Sample extraction and handling

One hundred microliters of serum samples stored at −80°C were taken after slow dissolution at 4°C. Then, 400 μL precooled methanol was added and vortexed for 60 s. After precipitating the protein for 1 h at −20°C, the samples were subjected to centrifugation for 20 min at 16,000 rpm at 4°C. Supernatants were taken and freeze‐dried followed by storage at −80°C until metabolomics analysis.

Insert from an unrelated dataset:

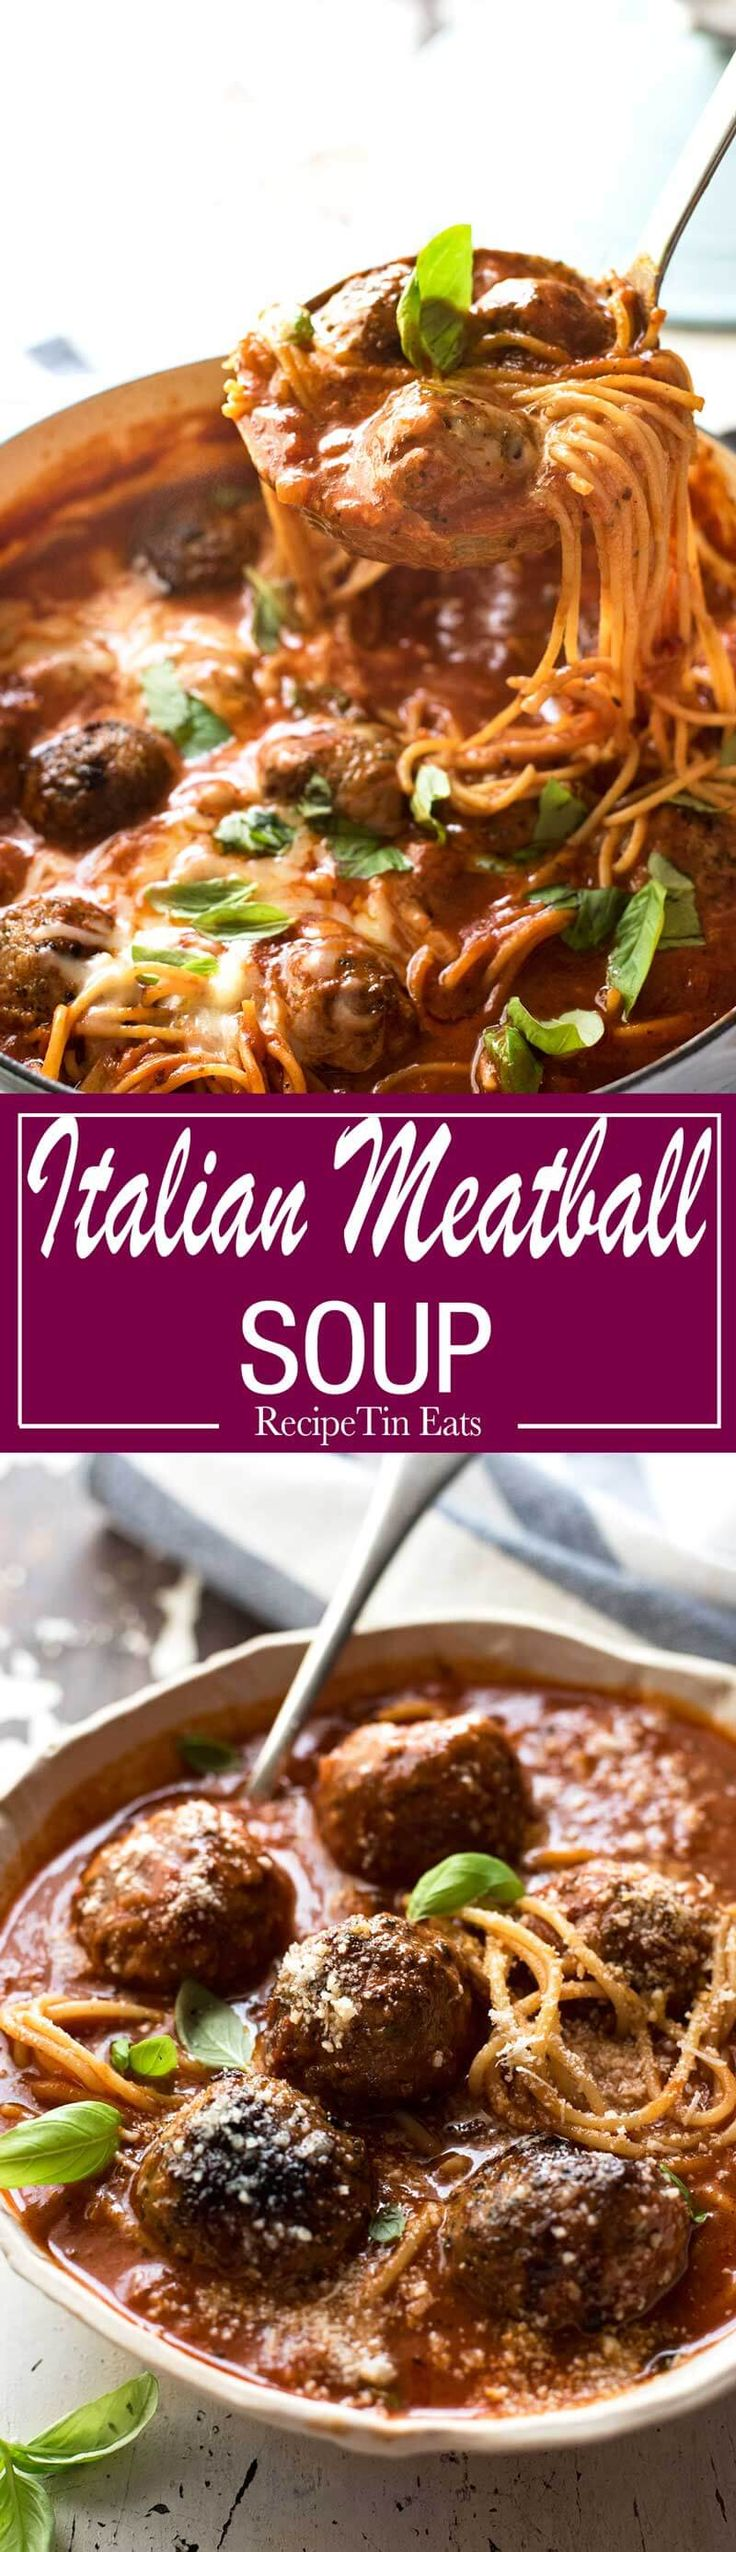 Italian Meatball Soup - Extra juicy, soft & tasty meatballs in a tomato…

Metabolite profile analysis and metabolite identification

The supernatants were separated by a 1290 Infinity LC System with a C18 chromatographic column and then analyzed by an AB SCIEX TripleTOF 5600 mass spectrometer by Clinical Mass Company (Nanjing, China). General conditions were set as follows: column temperature, 40°C; flow rate, 0.4 ml/min; mobile phase A, 0.1% formic acid in water, B: 0.1% formic acid in acetonitrile. The gradient elution procedure was as follows: 0–1 min, B linearly changed from 90% to 70%; 1–19 min, B linearly changed from 70% to 5%; 19–20 min, B was maintained at 5%; 20–25 min, B was maintained at 95%; and the sample was placed in a 4°C autosampler during the entire analysis. Quality control (QC) samples, which were prepared by mixtures of aliquots of samples, were inserted into the sample queue to monitor and evaluate the stability of the system and the reliability of the experimental data. Information‐dependent acquisition (IDA) for both positive and negative ion modes was applied. The collision energy, declustering potential, and ion spray voltage were set to 30, 80, +5200 V for positive mode, while −30, −50 and −5200 V were set for negative mode with the same mass range from 50 to 1700 m/z. The other source parameters, including ion source gas 1, ion source gas 2, curtain gas and drying temperature, were set at 40, 45, 30 psi, and 550°C, respectively.

Data analysis

The original data were converted into mzML format, and then the MSdial program was applied for peak alignment, retention time correction and peak area extraction. Accurate mass matching and secondary spectrum matching methods to search public databases were performed for metabolite structure identification. After data preprocessing, unsupervised principal component analysis (PCA) analysis and orthogonal partial least squares discriminant analysis (OPLS‐DA) were applied with the MSdial program for multidimensional statistical analysis.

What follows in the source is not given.